#### BART 모델 연습 (교재)<hr>
p.424

In [1]:
import numpy as np
from datasets import load_dataset

  from .autonotebook import tqdm as notebook_tqdm


In [2]:
# datasets 모듈의 뉴스 요약 데이터셋 사용

news= load_dataset("argilla/news-summary", split='test')
# 불러온 데이터를 text, prediction 열만 5000개 랜덤 추출
df= news.to_pandas().sample(5000, random_state=42)[['text', 'prediction']]
# ??  => 점수 부분 빼고 예측 요약만 추출
df['prediction']=df['prediction'].map(lambda x: x[0]['text'])
# 데이터 분리
train, valid, test= np.split(
    df.sample(frac=1, random_state=42), [int(0.6*len(df)), int(0.8*len(df))]
)

len(train), len(test), len(valid)

(3000, 1000, 1000)

In [3]:
news['prediction'][:3]

[[{'score': 1.0,
   'text': "Trump ends 'Dreamer' immigration program, places onus on Congress"}],
 [{'score': 1.0,
   'text': 'Russian tycoon, fresh from jail, announces presidential bid'}],
 [{'score': 1.0,
   'text': 'U.S. not started assessment on any Trump intel disclosure to Russia: Coats'}]]

In [4]:
import torch
from transformers import BartTokenizer
from torch.utils.data import TensorDataset, DataLoader, RandomSampler, SequentialSampler
from torch.nn.utils.rnn import pad_sequence


## BART 토큰나이저를 통해 입력 텐서 생성 (전처리)
def make_dataset(data, tokenizer, device):
    # 토큰화
    tokenized= tokenizer(text= data.text.tolist(),
                         padding='longest',
                         truncation=True,
                         return_tensors='pt')
    labels=[]
    input_ids= tokenized['input_ids'].to(device)
    attention_mask= tokenized['attention_mask'].to(device)
    for target in data.prediction:
        labels.append(tokenizer.encode(target, return_tensors='pt').squeeze())
    labels= pad_sequence(labels, batch_first=True, padding_value=-100).to(device)
    return TensorDataset(input_ids, attention_mask, labels)
# 입력한 데이터 셋을 샘플링하여 데이터로더로 만들기기
def get_dataloader(dataset, sampler, batch_size):
    data_sampler= sampler(dataset)
    dataloader= DataLoader(dataset, sampler=data_sampler, batch_size=batch_size)
    return dataloader
# 파라미터 설정
epochs= 3
batch_size= 8
device= 'cuda' if torch.cuda.is_available() else 'cpu'
tokenizer= BartTokenizer.from_pretrained(pretrained_model_name_or_path="facebook/bart-base")
# 데이터 셋 및 데이터로더 생성
trainDS= make_dataset(train, tokenizer, device)
trainDL= get_dataloader(trainDS, RandomSampler, batch_size)
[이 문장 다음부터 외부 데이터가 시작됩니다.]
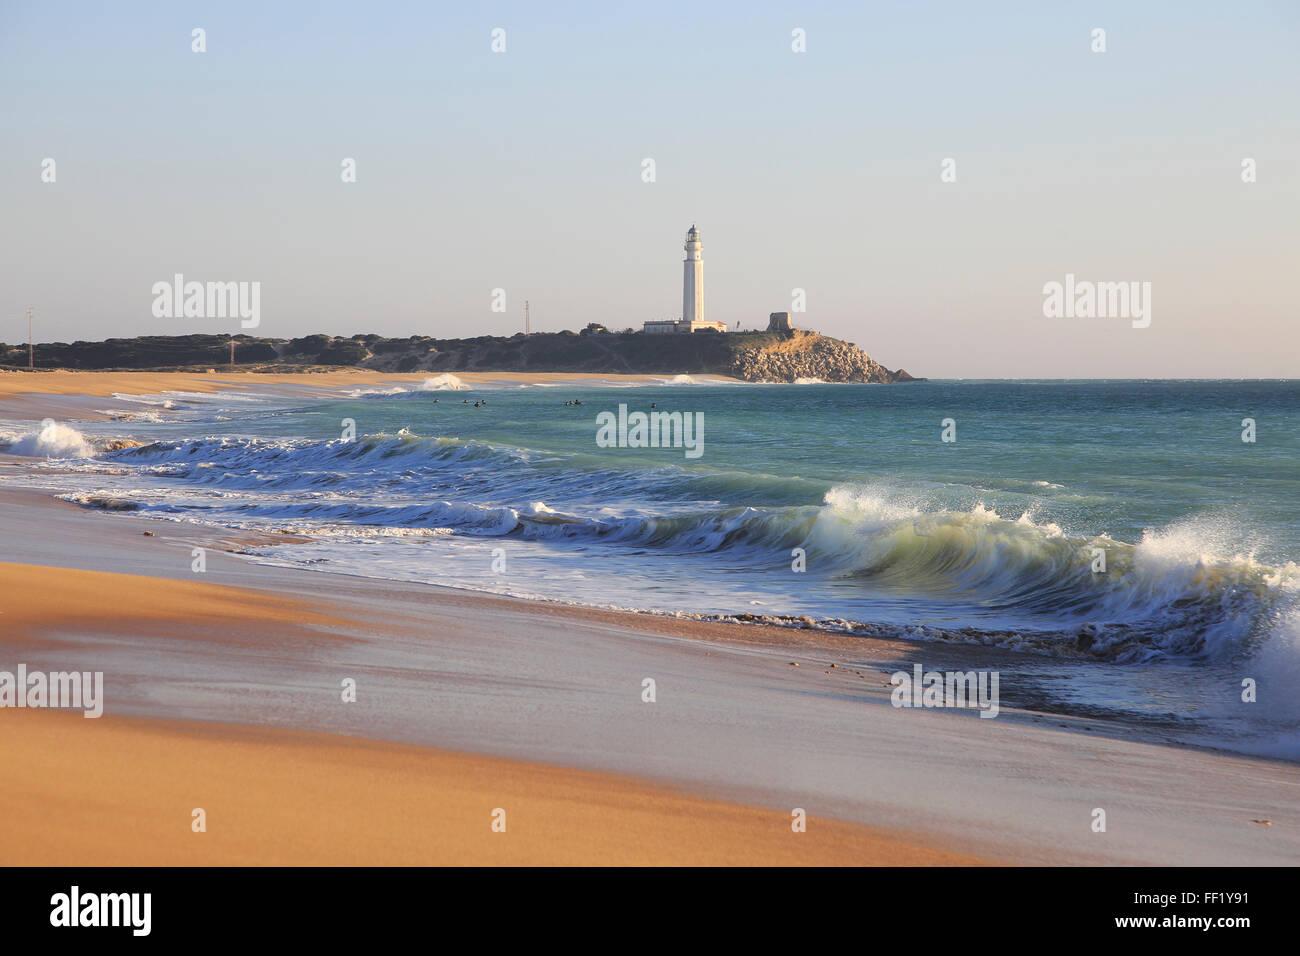 Plage de sable fin et phare de Cabo de Trafalgar, Province de Cadix, Espagne Banque D'Images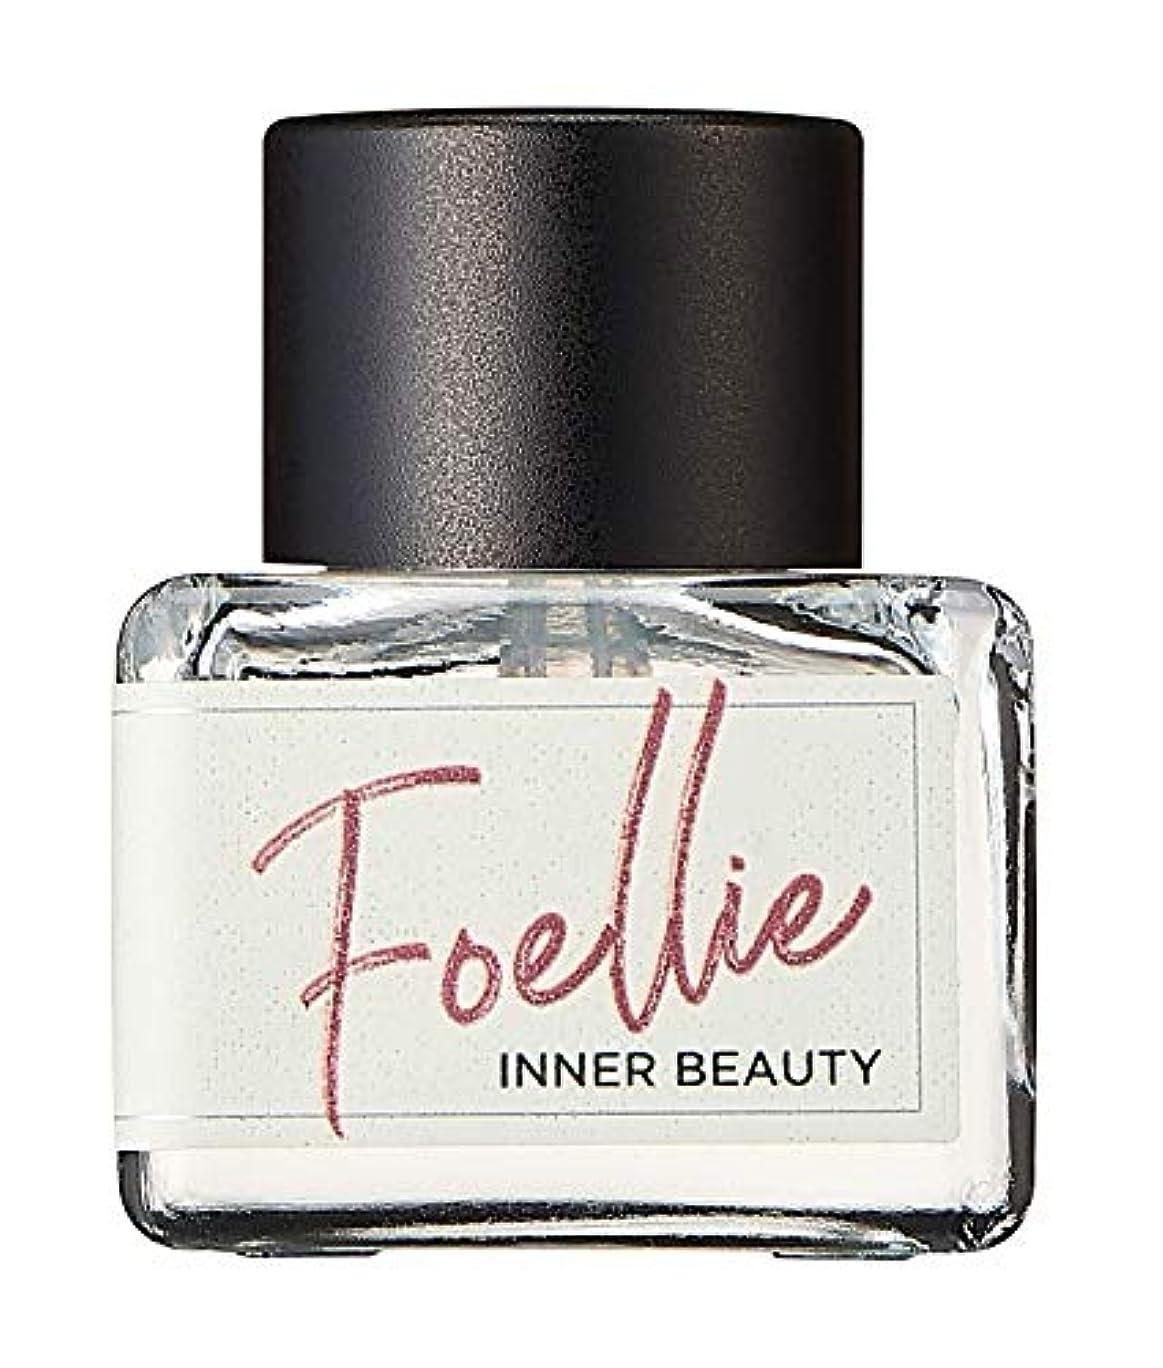 [フォエリー(FOELLIE)] eau de bonbon オードボンボン – フェミニン、インナービューティー香水(下着用)、甘い桃の魅力的な香りの香水, 5ml(0.169 fl oz)

validDS= make_dataset(valid, tokenizer, device)
validDL= get_dataloader(validDS, SequentialSampler, batch_size)

testDS= make_dataset(valid, tokenizer, device)
testDL= get_dataloader(validDS, SequentialSampler, batch_size)

print(trainDS[0])

Asking to truncate to max_length but no maximum length is provided and the model has no predefined maximum length. Default to no truncation.


(tensor([   0,  495, 1889,  ...,    1,    1,    1]), tensor([1, 1, 1,  ..., 0, 0, 0]), tensor([    0, 35891,   161,    56,  5616, 10405,    19,   140,    23,  5490,
         3564,     2,  -100,  -100,  -100,  -100,  -100,  -100,  -100,  -100,
         -100,  -100,  -100,  -100,  -100,  -100,  -100,  -100,  -100,  -100]))


In [5]:
from torch import optim
# 질의응답과 같은 조건부 생성 작업에 특화된 모델
from transformers import BartForConditionalGeneration

# 모델 생성
model= BartForConditionalGeneration.from_pretrained(
    pretrained_model_name_or_path='facebook/bart-base').to(device)
optimizer= optim.AdamW(model.parameters(), lr=5e-5, eps=1e-8)



In [6]:
model.parameters
## BART 모델 구조
# 임베딩 -> 인코더(6개층) -> 디코더(6개층) -> layernorm_embeding

<bound method Module.parameters of BartForConditionalGeneration(
  (model): BartModel(
    (shared): BartScaledWordEmbedding(50265, 768, padding_idx=1)
    (encoder): BartEncoder(
      (embed_tokens): BartScaledWordEmbedding(50265, 768, padding_idx=1)
      (embed_positions): BartLearnedPositionalEmbedding(1026, 768)
      (layers): ModuleList(
        (0-5): 6 x BartEncoderLayer(
          (self_attn): BartSdpaAttention(
            (k_proj): Linear(in_features=768, out_features=768, bias=True)
            (v_proj): Linear(in_features=768, out_features=768, bias=True)
            (q_proj): Linear(in_features=768, out_features=768, bias=True)
            (out_proj): Linear(in_features=768, out_features=768, bias=True)
          )
          (self_attn_layer_norm): LayerNorm((768,), eps=1e-05, elementwise_affine=True)
          (activation_fn): GELUActivation()
          (fc1): Linear(in_features=768, out_features=3072, bias=True)
          (fc2): Linear(in_features=3072, out_features=7

In [7]:
import evaluate   #허깅페이스의 생성형 모델 평가 기법

In [8]:
def calc_rouge(preds, labels):
    preds = preds.argmax(axis=-1)
    labels = np.where(labels != -100, labels, tokenizer.pad_token_id)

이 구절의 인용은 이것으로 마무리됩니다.